When living arrangements are further categorized, we find that living with spouse significantly increases one’s SWB while living with parents decreases it. As living with spouse or parents may affect SWB differently for the young and the old, we add interactions of the age dummy of 45 and older with these two living arrangement variables. We find that the positive effect of living with spouse is more on the young while the negative effect of living with parents is only on the old. In a similar vein, Litwin and Stoeckel (2012) also report for continental Europeans that living with a spouse had a negative effect on subjective wellbeing for respondents who were at least eighty years old. Being married at very old age especially in China may bring with it significant responsibilities for caring for sick partners.

Similarly, the decrease in SWB for those who are 45 and older reflects living with their parents are more of an obligation to them as they need more time and economic resources to take care of their parents. For the living arrangements with children, as expected, we see significantly negative effects for the young children aged 0–3 and for the teenagers 12–15. There is no significant effect on SWB for having an adult child at home.

After subcategorizing the organization dummy variable, being a communist party member raises both happiness and life satisfaction significantly. Similarly, being a delegate in CPC or CPPCC is a strong signal of the elite status of the individual, and the models indicate that this status has a stronger impact on life satisfaction. While youth league membership is also a signal of privilege, the positive impact is smaller as this membership is only valid for the youth. Members of religious groups are both happier and more satisfied with lives than those not belonging to any religious group.

5. DISCUSSION

In this paper, we use the 2010 wave of CFPS to explore the relationship between social networks and SWB in the context of China. Our study contributes to the literature of social networks and SWB in China by providing richer measurements of kinship relationships, contacts with friends and relatives, as well as diversity and time spent in social activities for the full age span of the adult Chinese population. There are some limitations to our study to keep in mind.

One issue that limits this research, as it does for much of the social network literature, is that social networks themselves are choice variables and are therefore endogenous (Durlauf and Fafchamps, 2005). People can choose which networks they associate with and which ones they avoid and presumably do so based in part on their effect on their SWB. However, our data are cross-sectional and the central issue of reverse causality whereby those with better SWB find it easier to establish networks cannot conclusively be addressed with our data. This caveat is high priority for future research.

Secondly, despite the richness of our Chinese data, there are several concepts related to SWB that it does not contain. For example, measures of quality of social networks like quality of marriage and personal attributes and positive and negative behaviors of those in the network. Education and smoking behavior of relatives and friends are just two examples. Finally, measures of costs of forming and maintaining social networks such as distance would be quite valuable.
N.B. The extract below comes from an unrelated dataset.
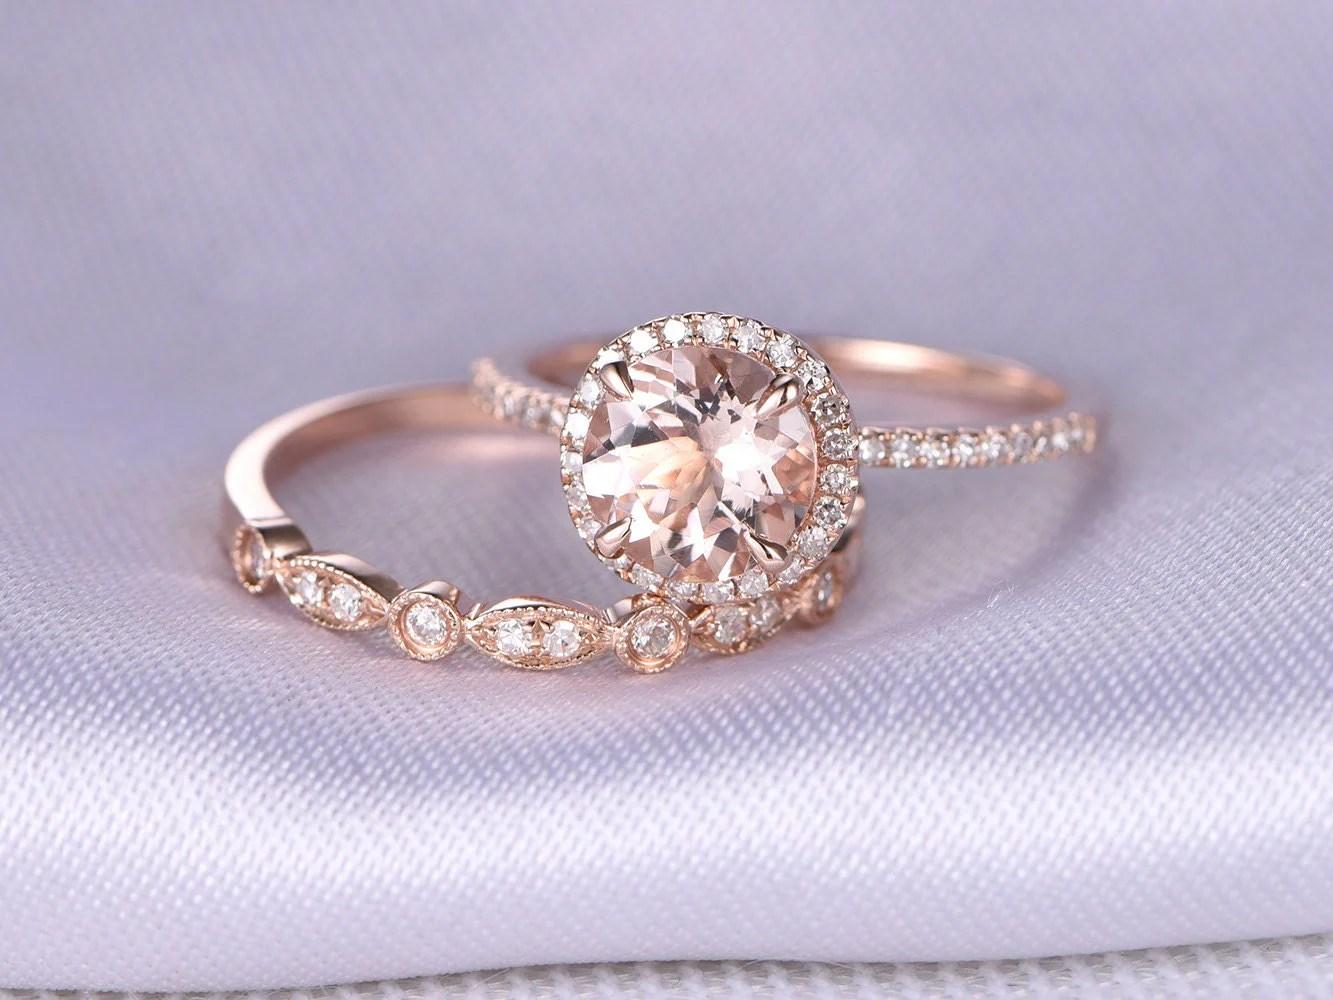 rose gold ring rose gold wedding rings Morganite Engagement ring 2pcs Wedding Ring Set 14k Rose gold Art Deco diamond Matching Band 7mm Round Stone Personalized for her Custom

Overall, our analysis indicates that maintaining good social networks in China is associated with better SWB with the following main findings: First, people with larger social network measured by stronger kinship relationships, more friends, and more frequent contact with friends and relatives especially during special occasions in China such as the “Spring Festival” have higher SWB. These enhancements in SWB are larger when friends visit compared to relatives. As Spring Festival is the most important holiday in China, it is conventional for relatives to visit each other so that not visiting important relatives could be very inappropriate. Thus, visits of relatives may in part be motivated by obligation rather than from their own will. Since friends are established based on mutual respect, visits of friends tend to bring more happiness and life satisfaction.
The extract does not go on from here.